Knesset passes law to delay IBC launch to May 15

Joint committee weighs further postponing launch to June.

TOURISM MINISTER Yariv Levin addresses the Knesset plenum on behalf of the government, as Knesset Speaker Yuli Edelstein looks on. (photo credit: MARC ISRAEL SELLEM)
TOURISM MINISTER Yariv Levin addresses the Knesset plenum on behalf of the government, as Knesset Speaker Yuli Edelstein looks on.
(photo credit: MARC ISRAEL SELLEM)
Legislation to postpone the launch of the Israel Broadcast Corporation until May 15 was passed second and third (final) reading in the Knesset on Wednesday night, with 35 in favor and 28 opposed.
The two-week delay will provide enough time to change the structure of the IBC news division. Those changes include having the existing Israel Broadcast Authority run the division and removing its news director to be replaced by a committee headed by a judge. The deferral is expected to cost the government NIS 17 million.
The revisions came about as a compromise between Prime Minister Benjamin Netanyahu and Finance Minister Moshe Kahlon, whose dispute on the matter led to Netanyahu threatening to call an early election.
Coalition chairman David Bitan (Likud) presented the bill to the Knesset and called the postponement a procedural necessary.

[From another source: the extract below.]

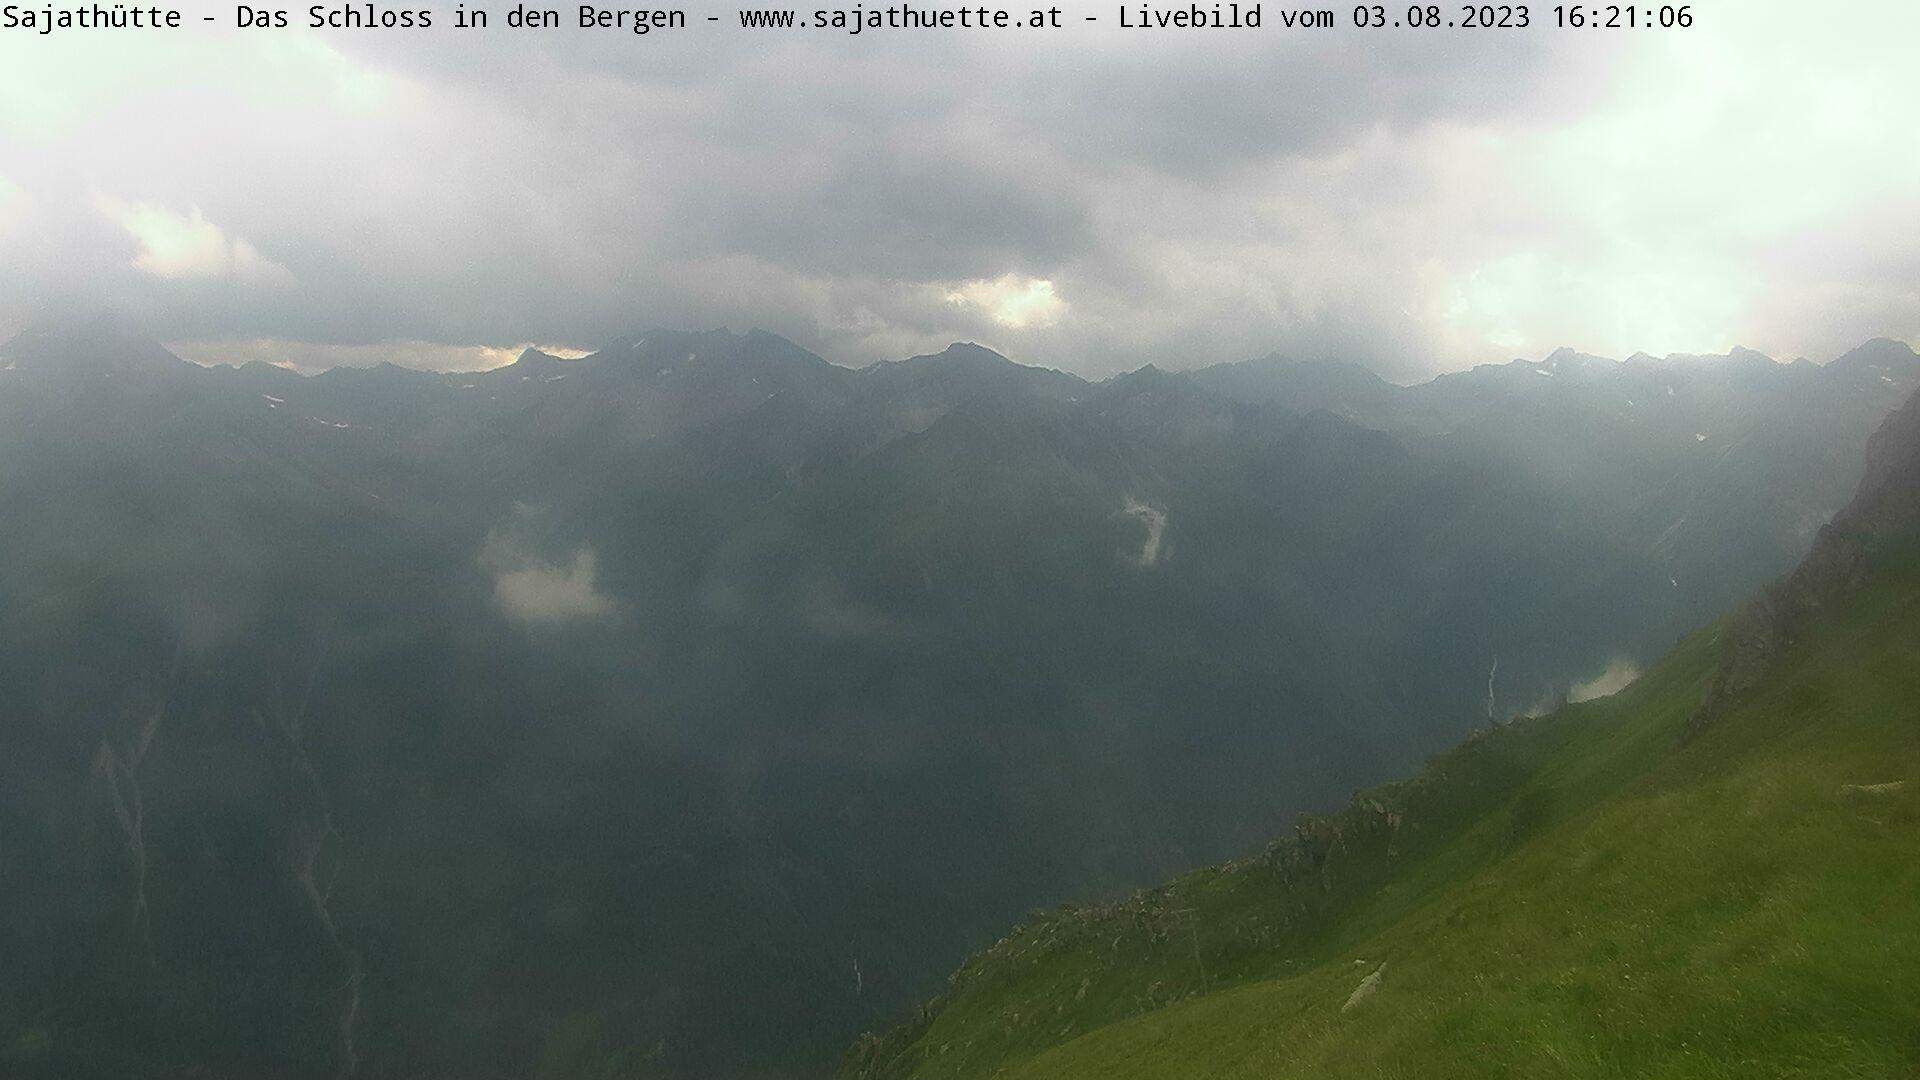 Webcam Blick Richtung Lasörlinggruppe (Süd) | Webcam Sajat-Hütte 2.600 m

“You can’t have the IBC start broadcasting in the old format and then change shortly after,” he said. “The delay is reasonable and logical, very short. I think it’s too short... but at this point, it’s what we proposed... If we don’t manage to pass the law to change the IBC’s structure, then of course it will start working on May 15, just as it was prepared to do on April 30.”
Though an additional extension past June 1 is not in the amendment to the Public Broadcasting Law, opposition MKs were suspicious that the coalition had more delay tactics in store.
“The government is trying to censor [IBC journalists],” Zionist Union faction head Merav Michaeli said. “This two-week postponement is censorship... and coalition chairman David Bitan said he hopes we don’t need two more weeks.”
MK Karin Elharar (Yesh Atid), who headed the committee that passed the law establishing the IBC in the last Knesset, said: “I heard background noises, ‘pass it now and we can get another extension later.’ There are things happening that we don’t know about.”
Opposition MKs were also angered by the desire of Netanyahu and Likud MKs for the nascent IBC to give them more favorable coverage.
MK Michal Rozin (Meretz) said: “The prime minister is trying to stop with all his might any investigative report on him, revelation of truth about him, his ministers, or those close to him. Netanyahu sees the broadcasts in North Korea and is jealous. He wants television that will only show his messages. The public, unlike the government, opposes corruption, connections between the government and the rich, and wants a free, investigative press.”
Many opposition lawmakers’ argued against the bill because of the IBA workers who for years did not know what would happen to their workplace and their livelihoods.
A large number of those employees will lose their jobs a week before the May 23 election for the head of the Histadrut labor federation, in which MK Shelly Yacimovich (Zionist Union) is running. On Tuesday, Yacimovich said she suspected that the delay until June 1 was designed to help incumbent Histadrut chief Avi Nissenkorn, who is up for reelection.
In Wednesday’s debate, Yacimovich spoke out against her opponent, saying how, as a former IBA journalist, she understands their plight.
“Nissenkorn did not try for a minute to prevent the IBA from shutting down,” she argued. “One hand is washing the other and the workers – who have been tortured for three years – are being sacrificed. [Nissenkorn] turned the important right to go on strike into a cynical political tool, undermined its status and turned it into a weapon in the hand of those who want to destroy it. This is unforgivable.”
Knesset Economics Committee chairman Eitan Cabel (Zionist Union), who supports Yacimovich in the race, said Netanyahu and Nissenkorn took advantage of IBA workers for personal gain.
Much to their dismay, opposition MKs were only allowed an 11-hour debate on the bill after the coalition invoked an anti-filibuster measure that allows the Knesset House Committee to set an order for plenum discussions.
Zionist Union MKs Stav Shaffir, Ksenia Svetlova and Yael Cohen Paran petitioned the High Court of Justice on Wednesday afternoon for an urgent order to block further debate in the Knesset because of the coalition’s invocation of “rule 98” to block filibusters, saying there was no justification for its use. The court rejected the petition.
Despite the limit on debate, some MKs used their time to discuss entirely different topics, including the Palestinian prisoners’ hunger strike, the recent Supreme Court ruling to allow mini-markets in Tel Aviv to open on Shabbat, and “honor killings,” which MK Ahmad Tibi (Joint List) called “primitive” and said “have no honor in them.”
The MKs also proposed a number of ways to better spend the NIS 17m. that the two-week postponement will cost.
IBC workers held a protest banner in the Knesset visitors’ mezzanine during the debate – in violation of legislature rules – and were removed by ushers.